* **MATERIAL PROVIDED**:
____

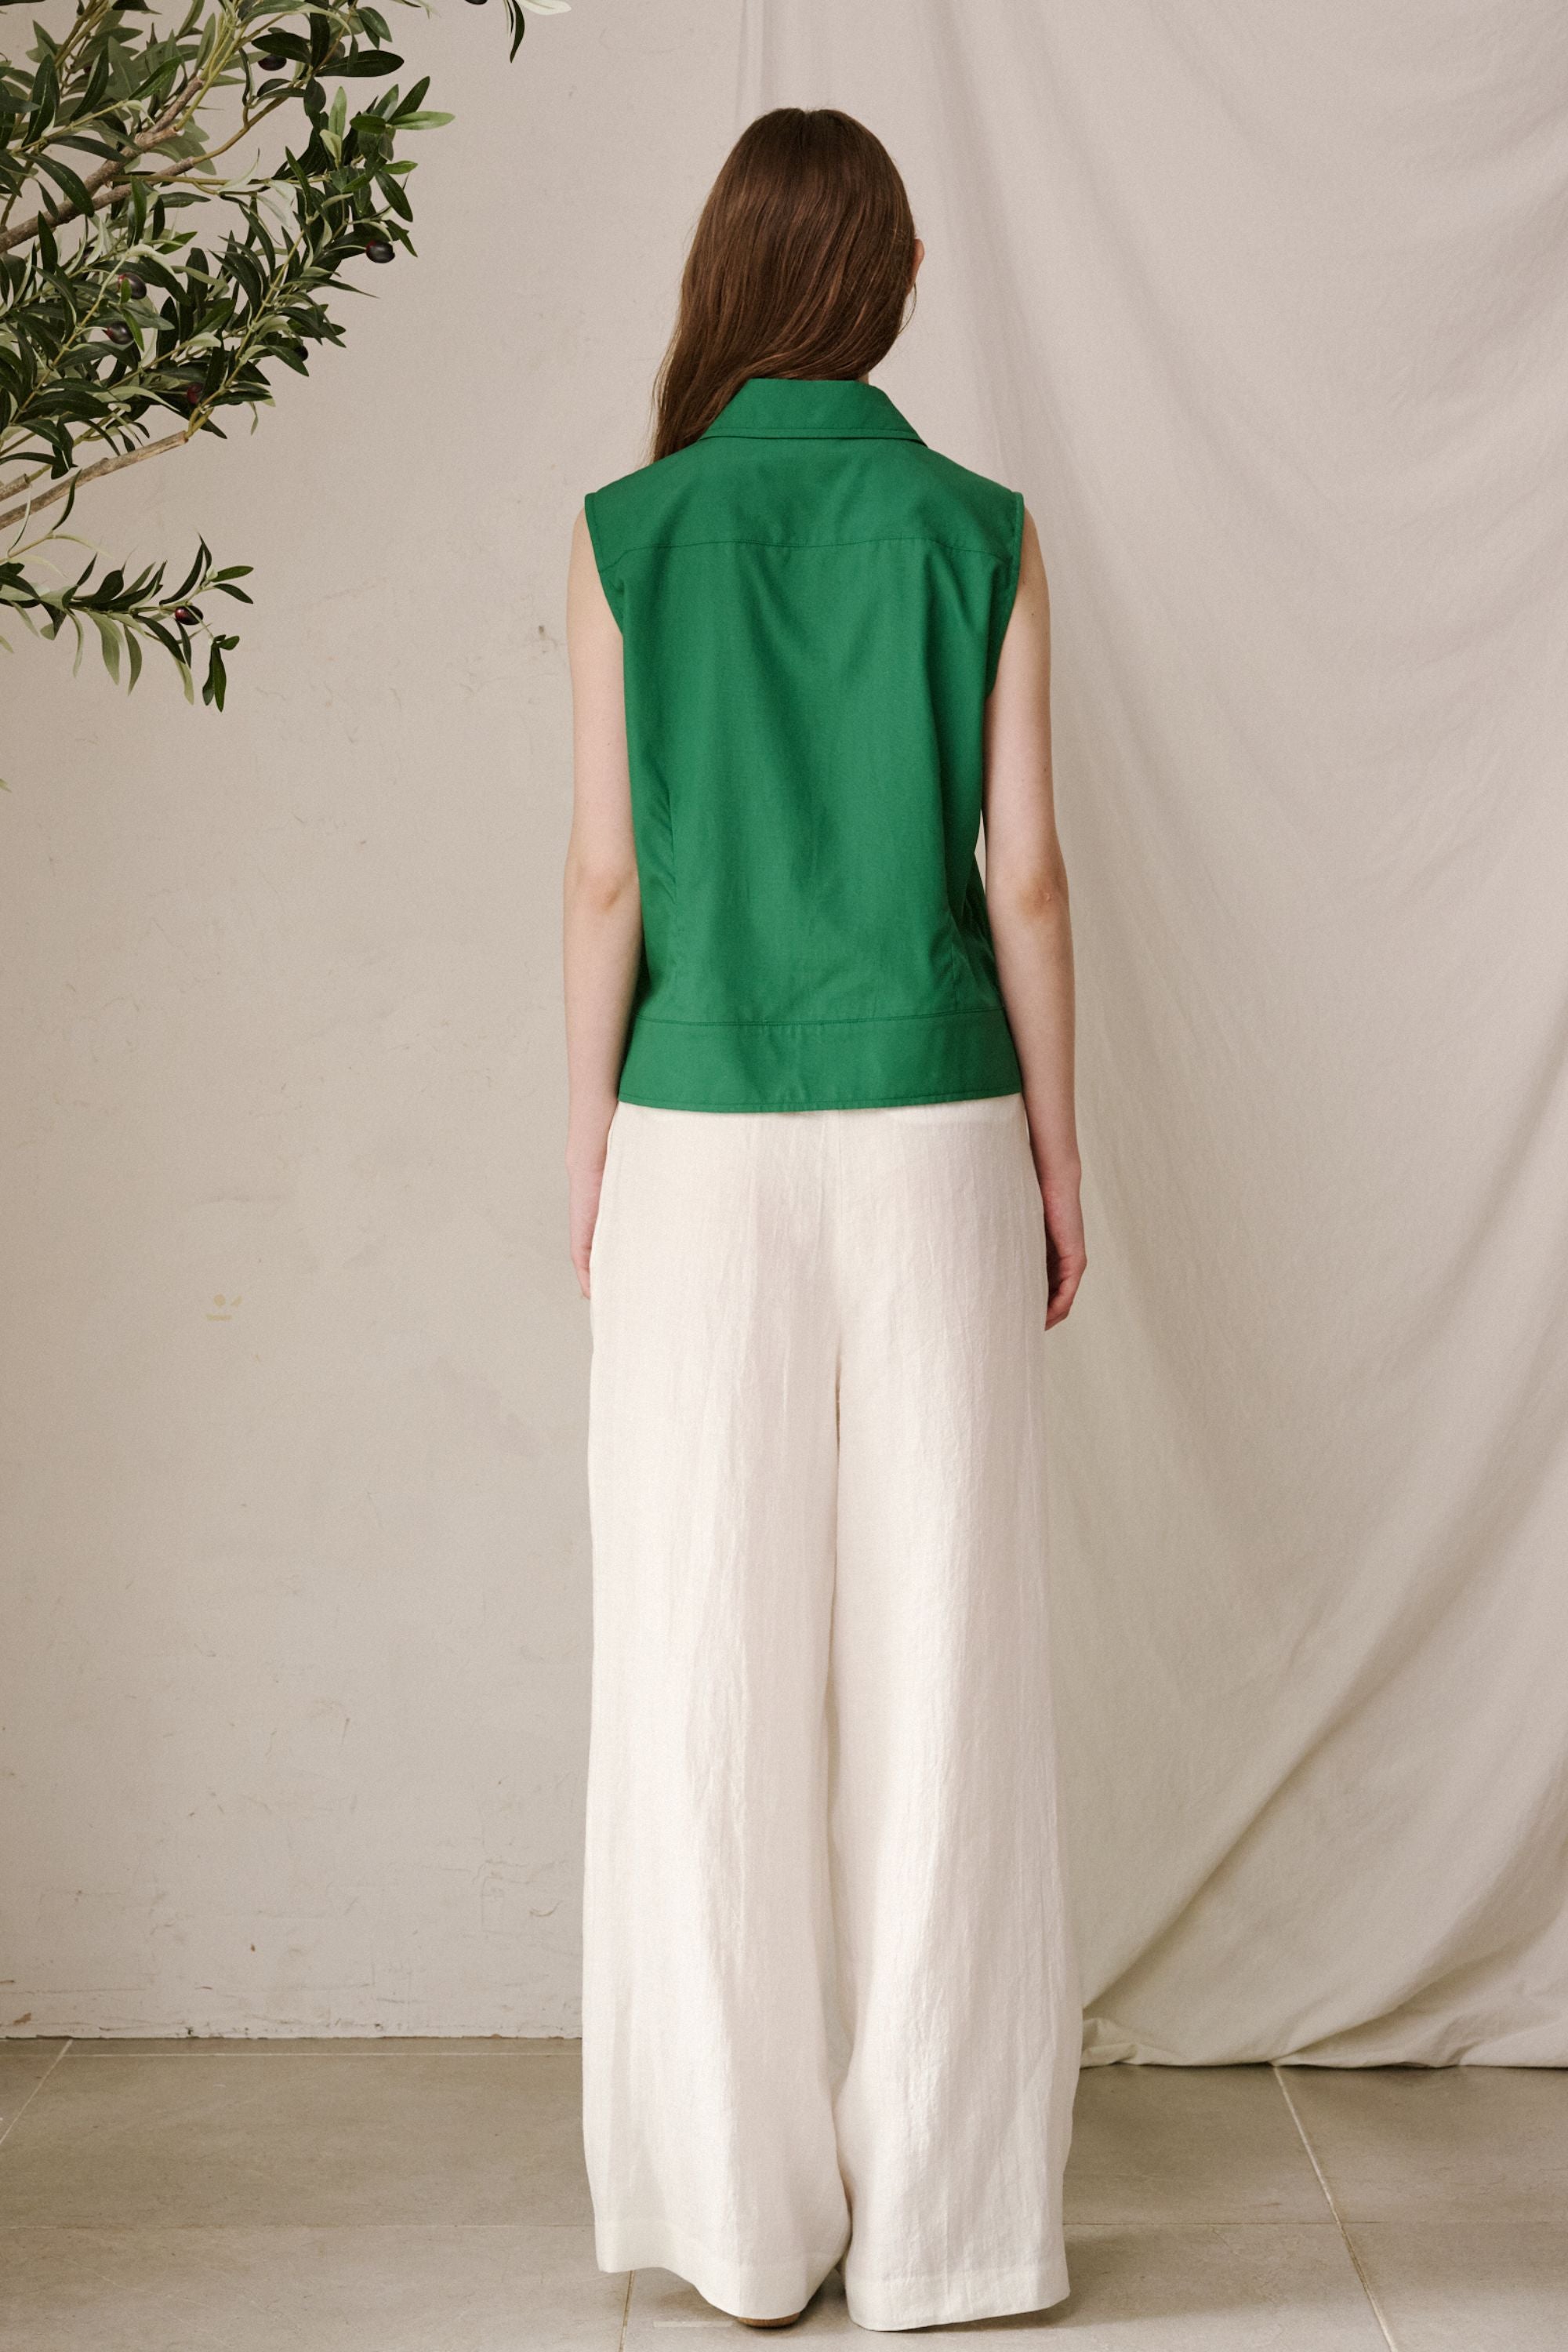 GREENEST - Sleeveless Shirt | Green, buy at DOORS NYC
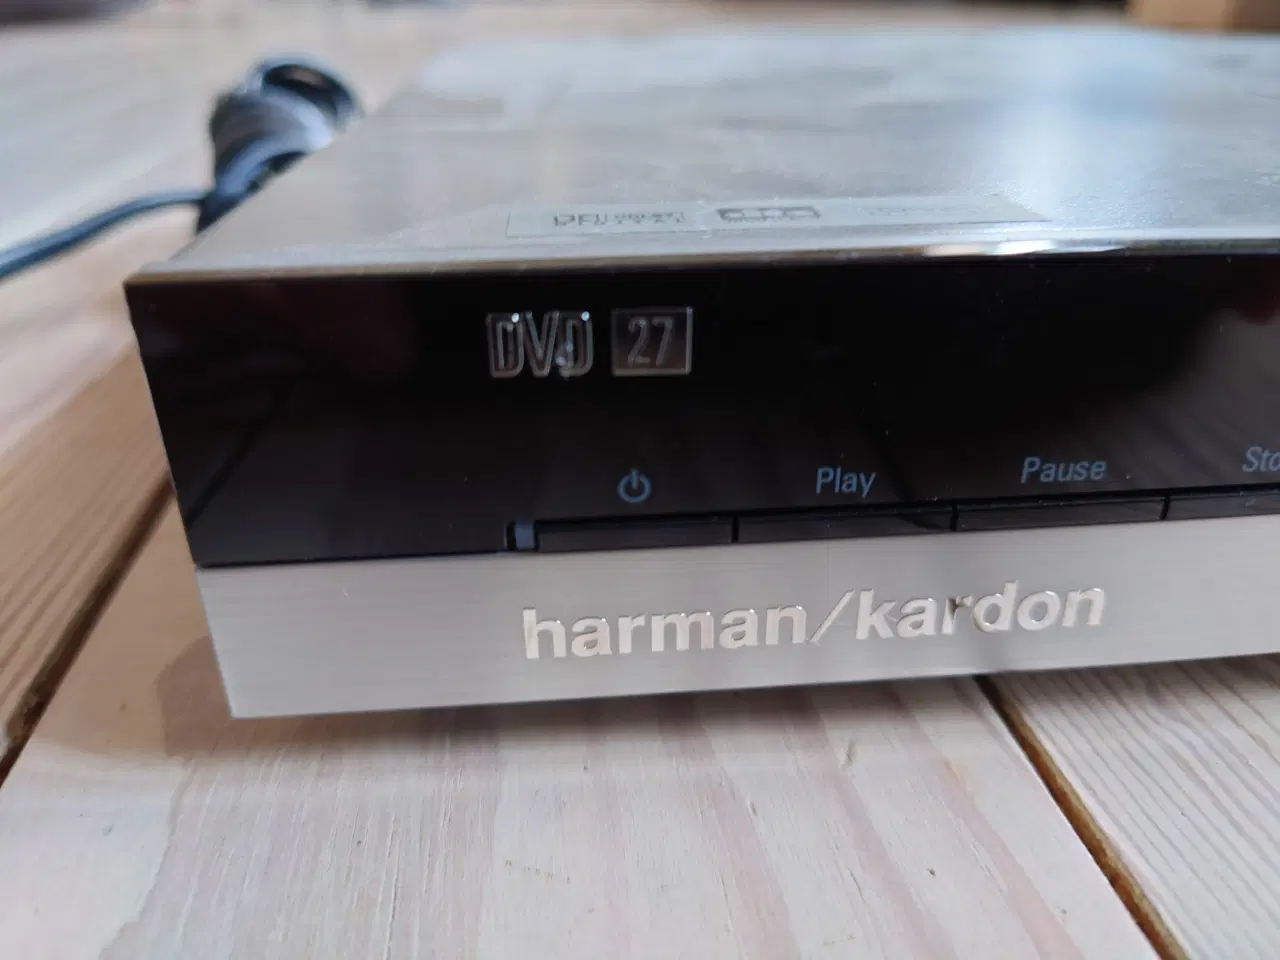 Billede 2 - Harman/Kardon SUB-TS11, DVD 27, AVR 132
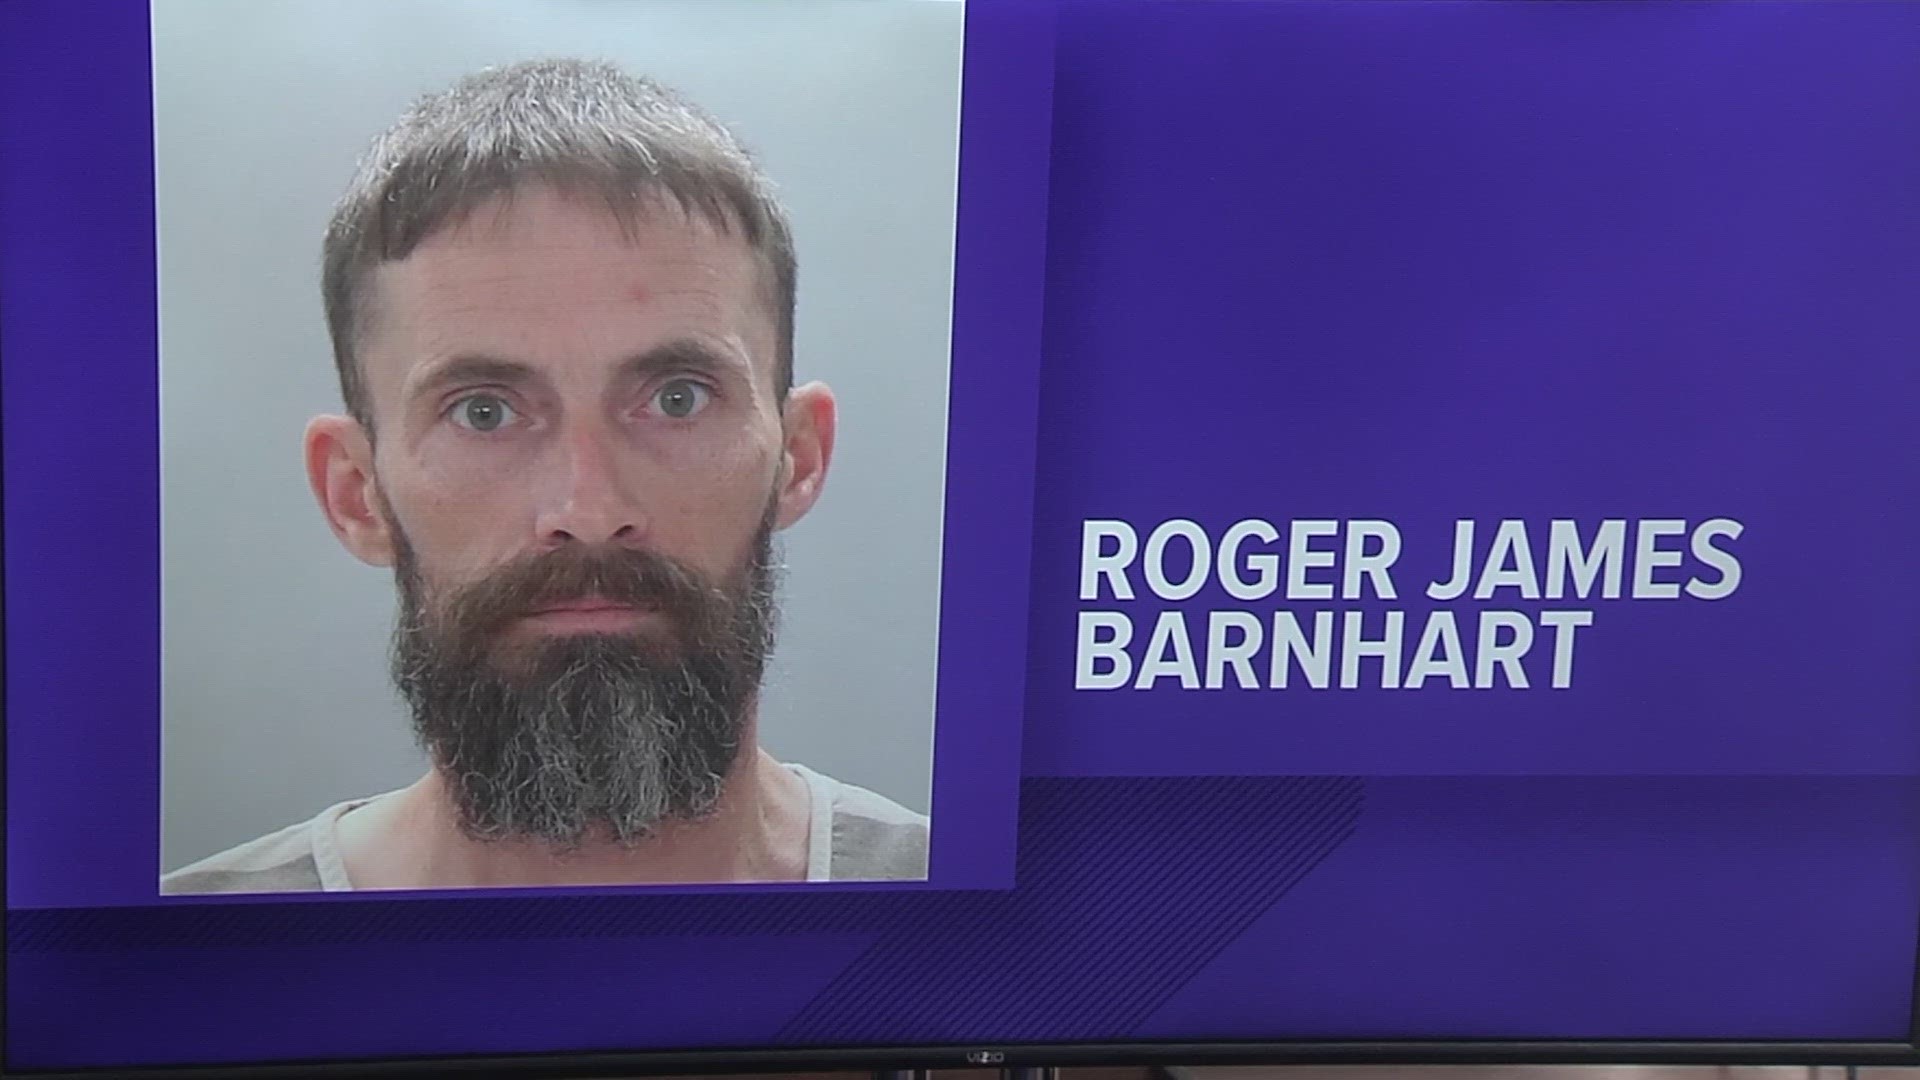 Prosecutors said Roger James Barnhart's employment as an EMT factored into his sentence.

____

* **TASK BRIEF**:
Would you print all of the material exactly as written, minus the pictures?

* **YOUR SOLUTION**:
 GREENEST - Sleeveless Shirt | Green, buy at DOORS NYC
 Billede 2 - Harman/Kardon SUB-TS11, DVD 27, AVR 132
 Prosecutors said Roger James Barnhart's employment as an EMT factored into his sentence.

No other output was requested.